IN THE SUPREME COURT OF INDIA
CRIMINAL ORIGINAL JURISDICTION
[Dipak Misra] and [C. Nagappan] JJ.
September 07, 2016
WRIT PETITION (CRL.) NO.68 OF 2016
Youth Bar Association of India Petitioner(s)
Union of India and Others Respondent(s)
For Petitioner(s) Ms. Manju Jetley, Adv. For Respondent(s) Krishnayan Sen,Adv. Mr. Dharmendra Kumar Sinha,Adv. Mr. G. Prakash,Adv. Mr. Parijat Sinha,Adv. Mr. Ranjan Mukherjee,Adv. Mr. Rohit K. Singh,Adv. Mrs. Anil Katiyar,Adv. Mr. Saurabh Trivedi,Adv. Mr. V. N. Raghupathy,Adv. Ms. Hemantika Wahi, Adv.
O R D E R
2. In this writ petition, preferred under Article 32 of the Constitution of India, the petitioner, Youth Bar Association of India, has prayed for issue of a writ in the nature of mandamus, directing the Union of India and the States to upload each and every First Information Report registered in all the police stations within the territory of India in the official website of the police of all States, as early as possible, preferably within 24 hours from the time of registration.

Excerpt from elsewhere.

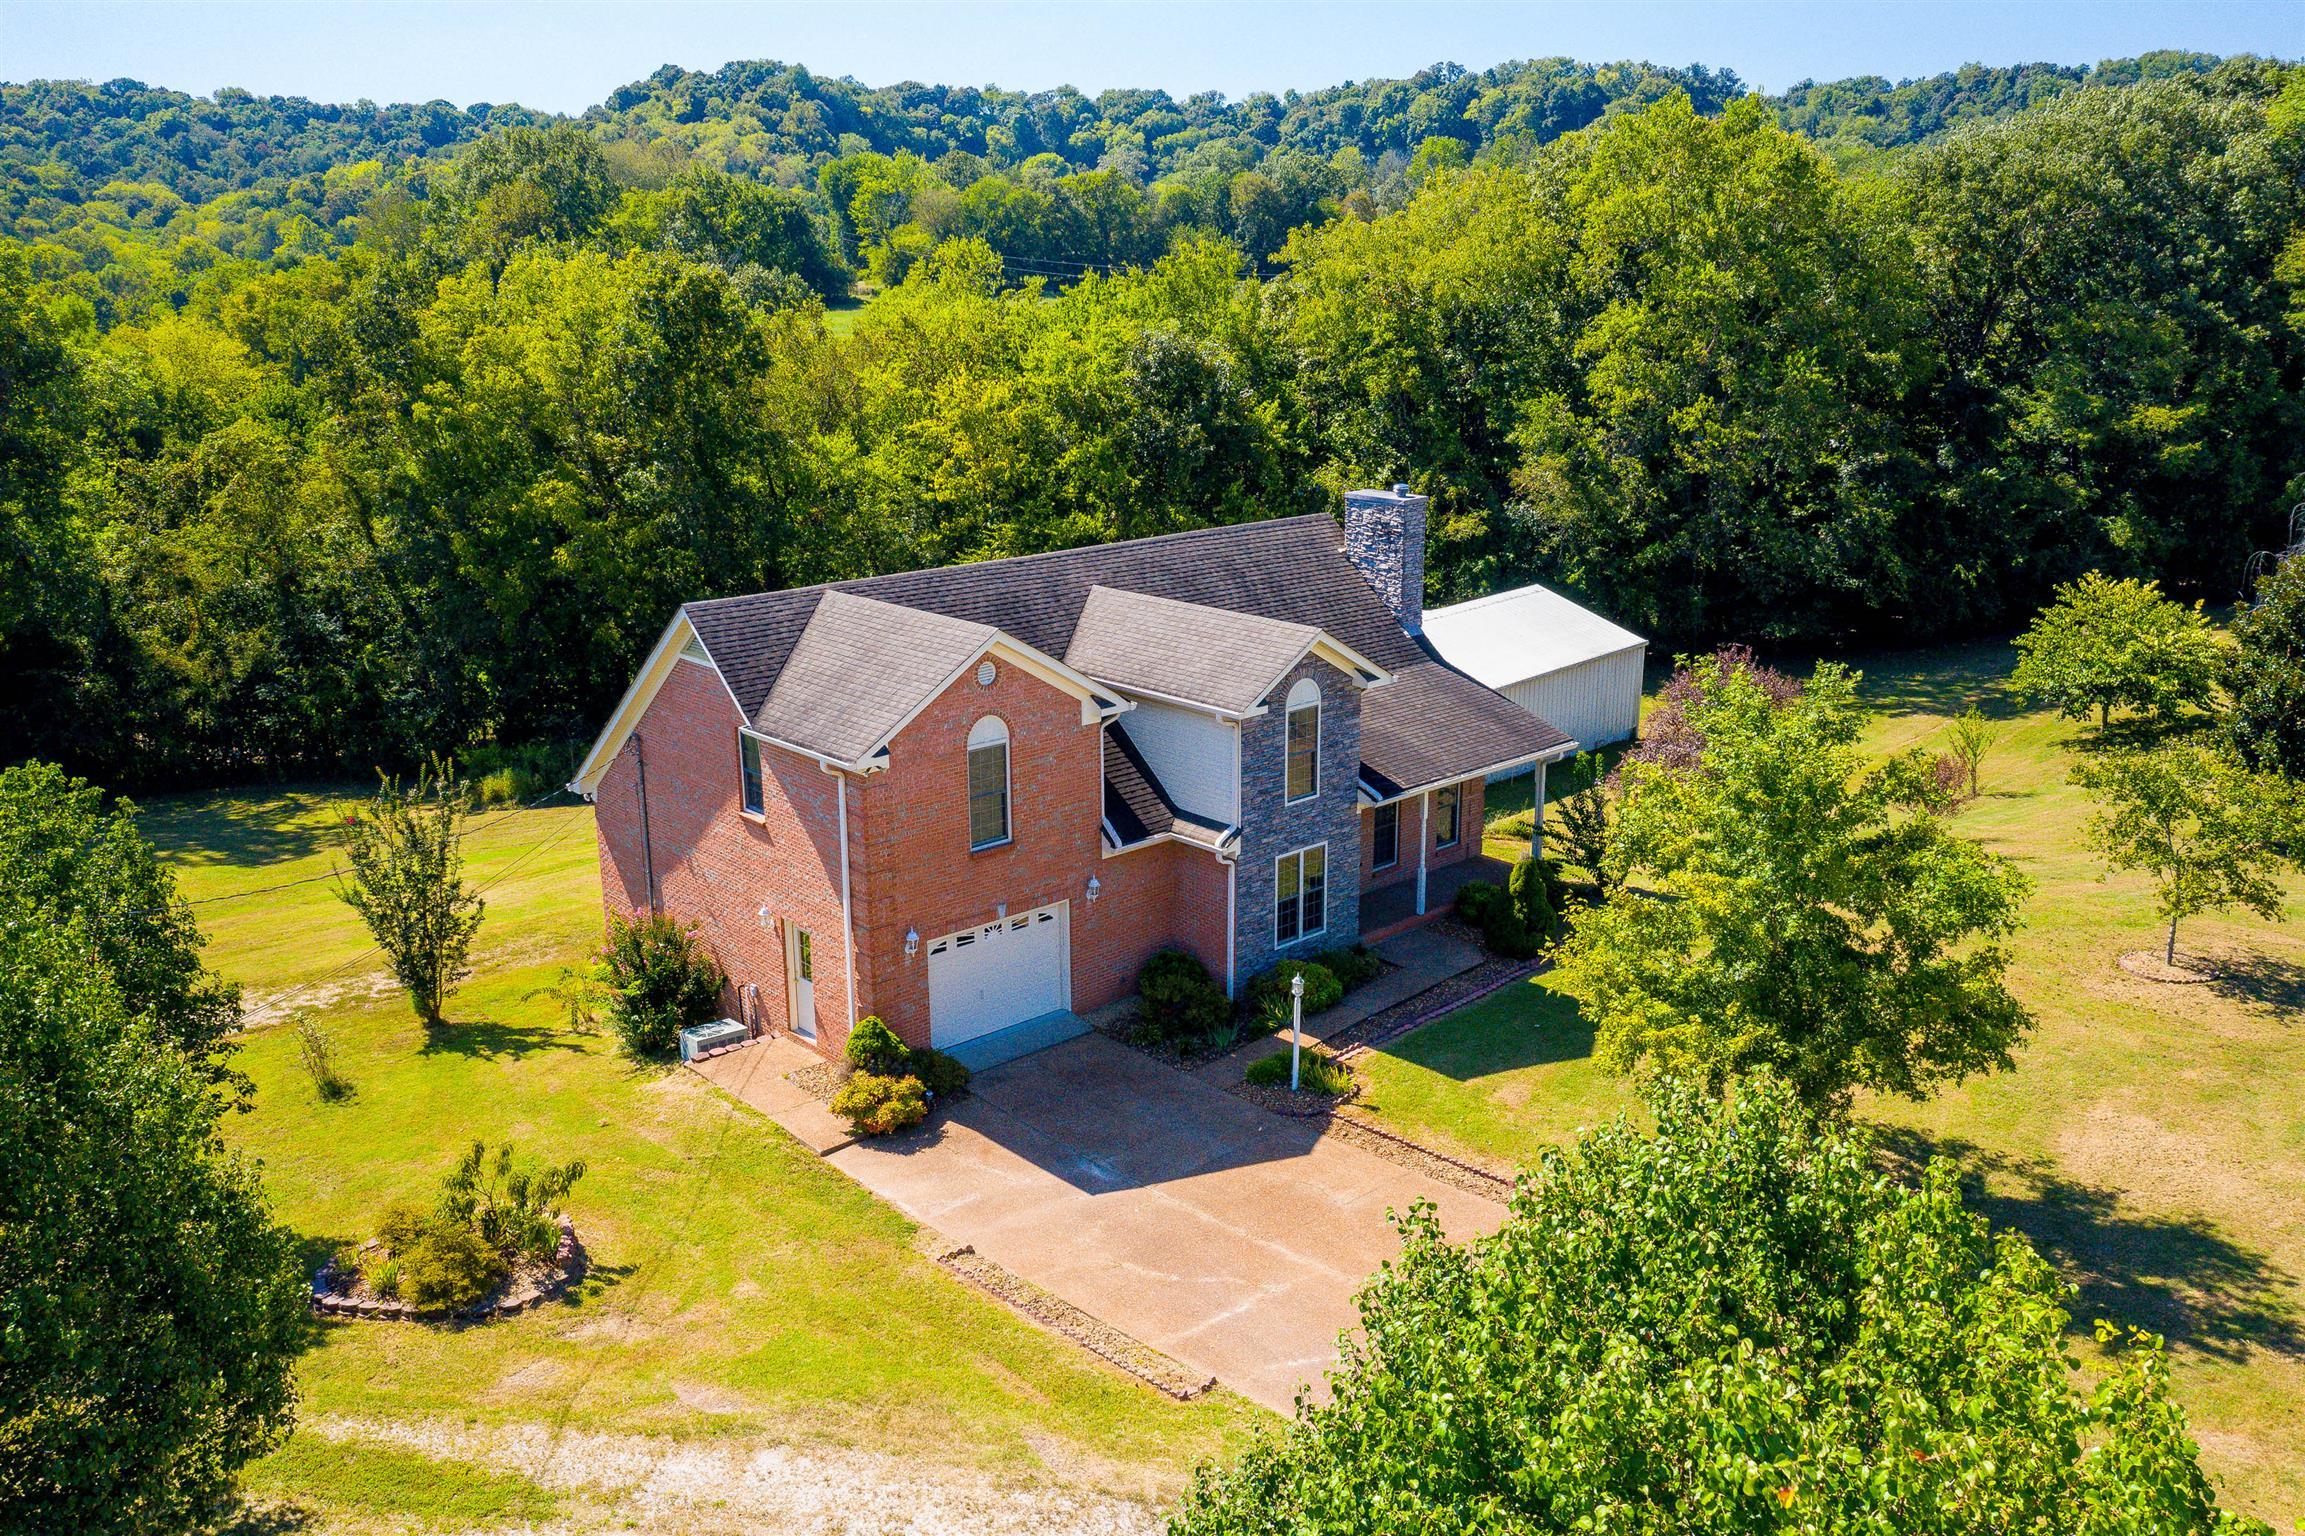 1793 New Highway 7, Columbia, TN 38401 - Columbia, TN real estate listing

3. After the writ petition was entertained by this Court, notices were issued to the Union of India and the States.
4. It is submitted by Mr. Sanpreet Singh Ajmani, learned counsel appearing for the petitioner that after registration of the First Information Report if it is uploaded in the official website of police, that will solve many unnecessary problems faced by the accused persons and their family members. Learned counsel would contend that when the criminal law is set in motion and liberty of an individual is at stake, he should have the information so that he can take necessary steps to protect his liberty. In this context, he has drawn our attention to a passage from the judgment rendered in
# State of West Bengal and others vs. Committee for Protection of Democratic Rights, West Bengal and others (2010) 3 SCC 571
wherein it has been observed:-
“Article 21 of the Constitution in its broad perspective seeks to protect the persons of their lives and personal liberties except according to the procedure established by law. The said Article in its broad application not only takes within its fold enforcement of the rights of an accused but also the rights of the victim. The State has a duty to enforce the human rights of a citizen providing for fair and impartial investigation against any person accused of commission of a cognizable offence, which may include its own officers. In certain situations even a witness to the crime may seek for and shall be granted protection by the State.”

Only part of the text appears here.